AI-woordenlijst
Het complete woordenboek van kunstmatige intelligentie
Nested Cross-Validation
Model evaluation technique using two nested cross-validation loops to prevent overfitting during hyperparameter optimization. The inner loop selects the best hyperparameters while the outer loop evaluates the performance of the selected model in an unbiased manner.
Inner Loop
First level of cross-validation in nested cross-validation, responsible for selecting and optimizing model hyperparameters. This loop uses a separate validation set to identify the optimal configuration before final evaluation.
Outer Loop
Second level of cross-validation in nested cross-validation, providing an unbiased estimate of model performance after hyperparameter selection. The test data from this loop is never used during hyperparameter optimization.

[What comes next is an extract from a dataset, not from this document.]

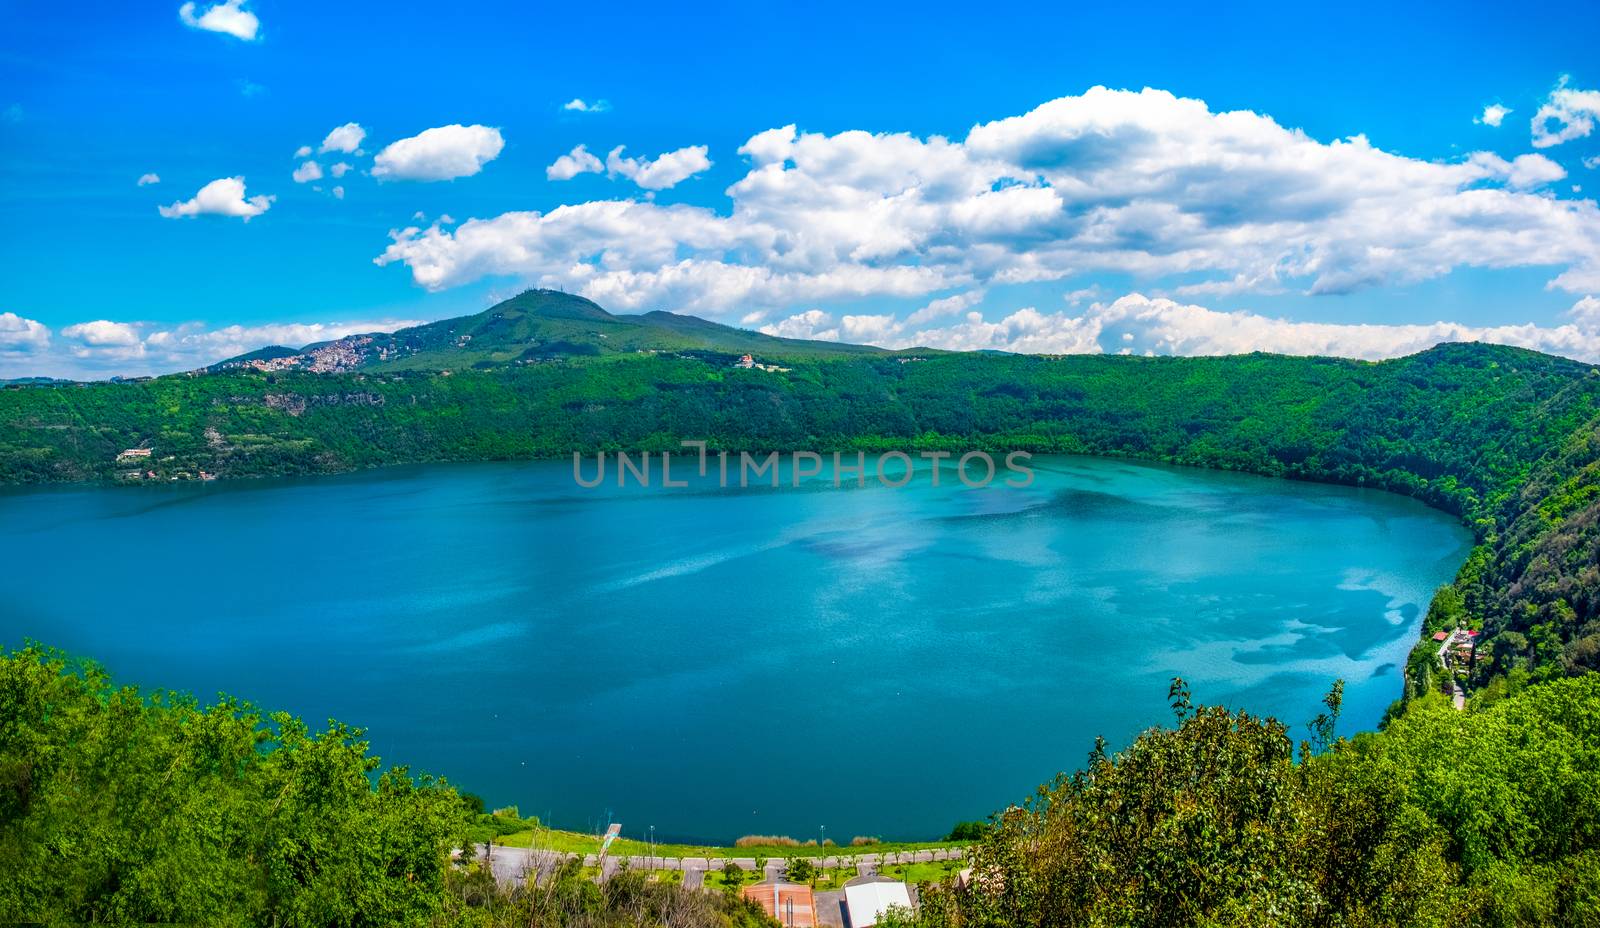 Lake Albano or Lago di Albano in Lazio - deepest crater lake in Italy on the Alban Hills of Castelli Romani area near Rome by LucaLorenzelli

Hyperparameter Overfitting
Phenomenon where hyperparameters are optimized to perform specifically on the validation set, compromising generalization to new data. This problem occurs when the same cross-validation is used for both hyperparameter selection and final evaluation.
Selection Bias
Systematic error introduced during model or hyperparameter selection when the test set is implicitly used in the optimization process. This bias leads to an optimistic and unrealistic estimate of model performance in production.
Nested Grid Search
Method combining nested cross-validation with exhaustive hyperparameter search on a predefined grid. Each grid configuration is evaluated by the inner loop before the best one is tested by the outer loop.
Estimated Generalization Error
Performance measure obtained by the outer loop of nested cross-validation, representing an approximation of model error on unseen data. This estimate is considered more reliable than that obtained by simple cross-validation.
Sequential Optimization
Process where hyperparameter selection and model evaluation are performed sequentially but on separate datasets to avoid contamination. This approach is fundamentally implemented in nested cross-validation.
Nested Cross-Validation
Extension of nested cross-validation adding a third level for selection between different model families. Each level uses disjoint data to ensure a completely unbiased evaluation of the entire pipeline.
Temporal Information Leakage
Specific problem to serial data where nested cross-validation is essential to maintain chronological order between training, validation, and test sets. This approach prevents the use of future information in optimization.
Selection Stability
Ability of nested cross-validation to identify robust hyperparameters that perform consistently across different outer validation folds. Low stability indicates strong dependence on specific training data.
Quadratic Computational Cost
Algorithmic complexity of nested cross-validation, requiring O(k²) trainings where k is the number of folds. This high cost is the necessary compromise to obtain an unbiased evaluation of model performance.
Nested Monte Carlo Cross-Validation
Variant of nested cross-validation using random sampling with replacement for both inner and outer loops. This approach reduces correlation between estimates while maintaining the impartiality of evaluation.
Evaluation Pipelining
Software architecture where nested cross-validation is implemented as a complete pipeline integrating preprocessing, feature selection, hyperparameter optimization, and final evaluation. This structure guarantees reproducibility and absence of data leakage.
Nested Confidence Intervals
Statistical method using the results of the outer loop to calculate confidence intervals on model performance. These intervals reflect uncertainty due to both data variability and the hyperparameter selection process.